Cumulus Media has asked the U.S. Bankruptcy Court for the Southern District of New York to extend the exclusivity period by four months. The company filed a voluntary petition for relief under Chapter 11 reorganization on November 29, 2017 and an extension would extend the proceeding into September. In its filing, Cumulus said it had made "significant progress" on an expedited timeline in obtaining financing to "stabilize and continue" operations during the ordinary course of business. "Nevertheless," Cumulus said, "significant work remains to be done."

Cumulus maintained in the filing that it needs to "maintain the exclusive right to file a chapter 11 plan and solicit votes thereon to achieve their remaining objectives as efficiently and expeditiously as possible. In contrast, allowing the exclusivity periods to expire would introduce unnecessary uncertainty and confusion into the Chapter 11 cases and will impose substantial additional costs on the Debtors' estates."

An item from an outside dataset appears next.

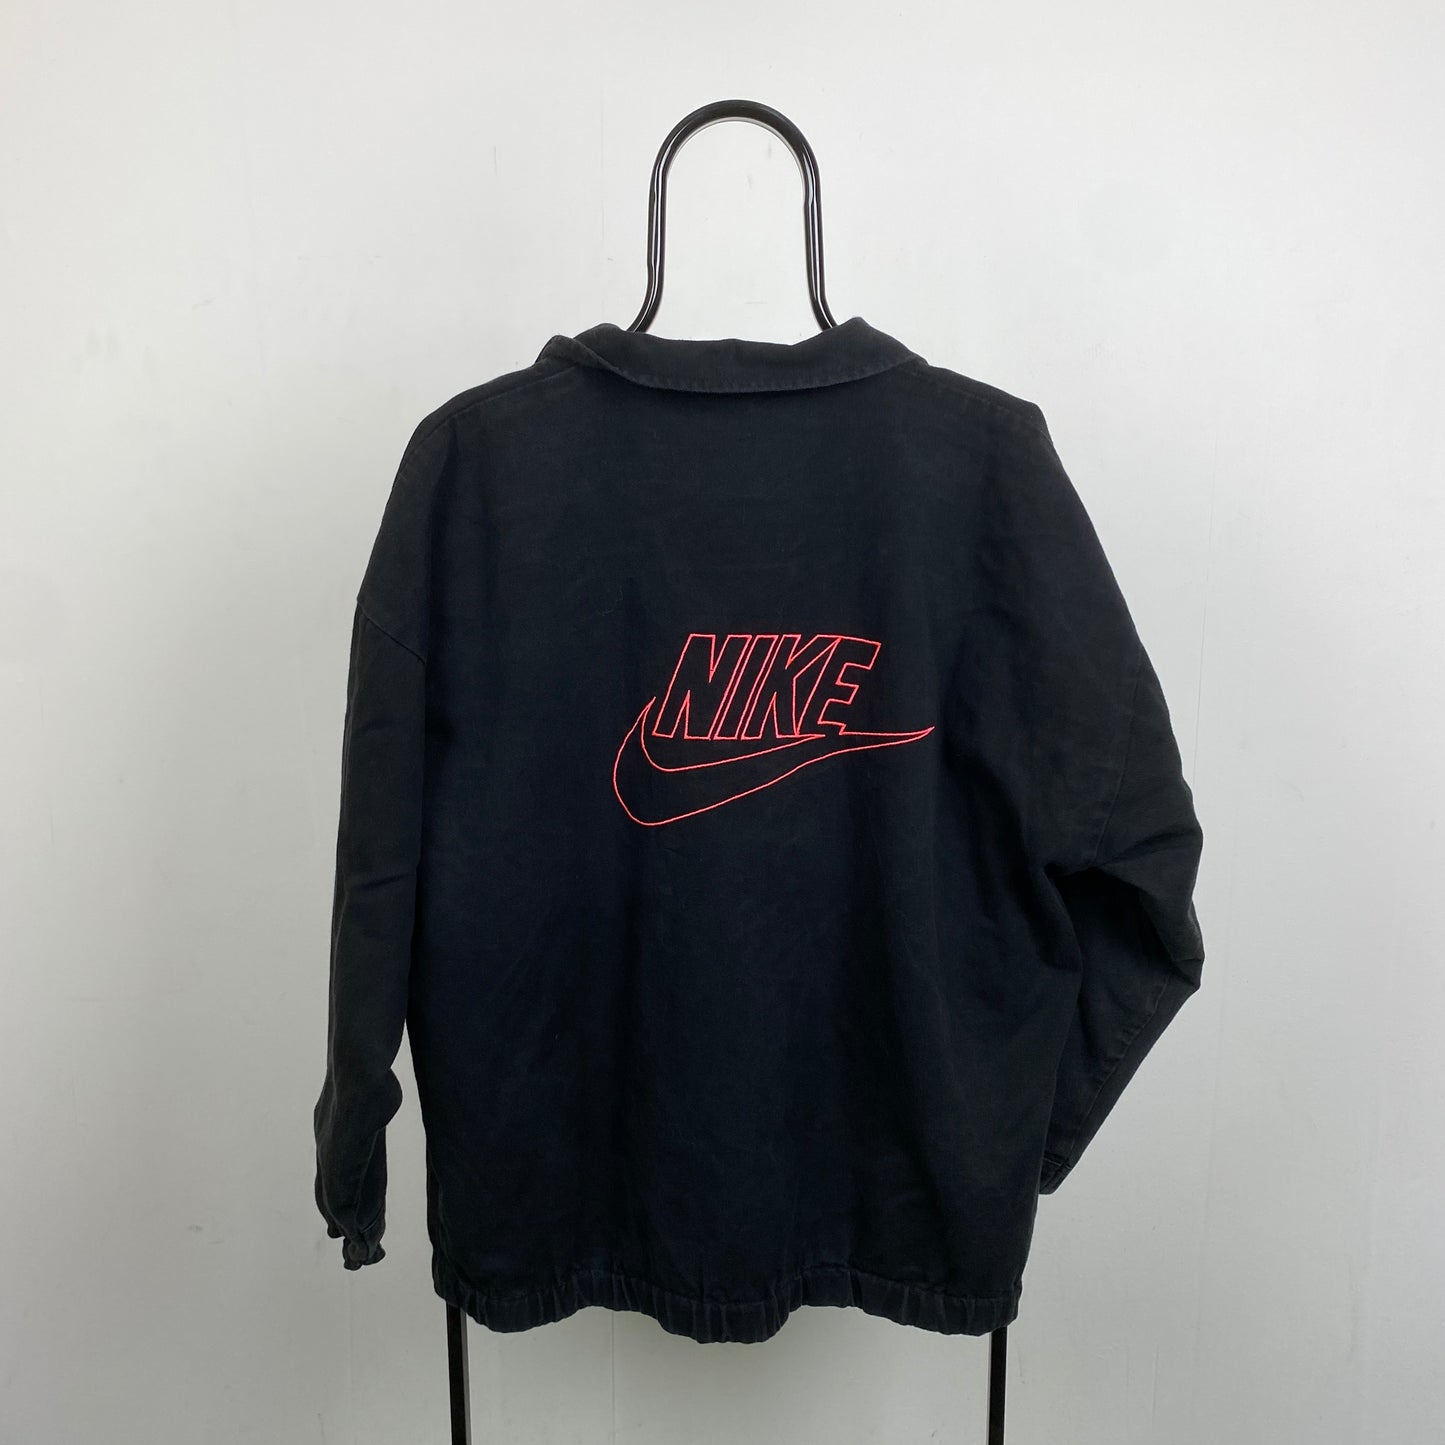 90s Nike Drill Top Sweatshirt Black Large

In November, Cumulus Media entered into a Restructuring Support Agreement (RSA) with certain of its secured lenders, among others, holding approximately 69% of the company's term loan to reduce its debt by more than $1 billion before it filed with the court. The extension would give the company up to 120 days to convince other stakeholders to join its plan -- free from competing proposals.

Without an extension, the Cumulus' exclusive 120-day period to file a plan expires March 29 and the 180-day period to solicit acceptances or rejections would end May 28. The filing seeks new deadlines, extended to July 26 and September 24, respectively. A hearing to consider the matter has been set for March 21.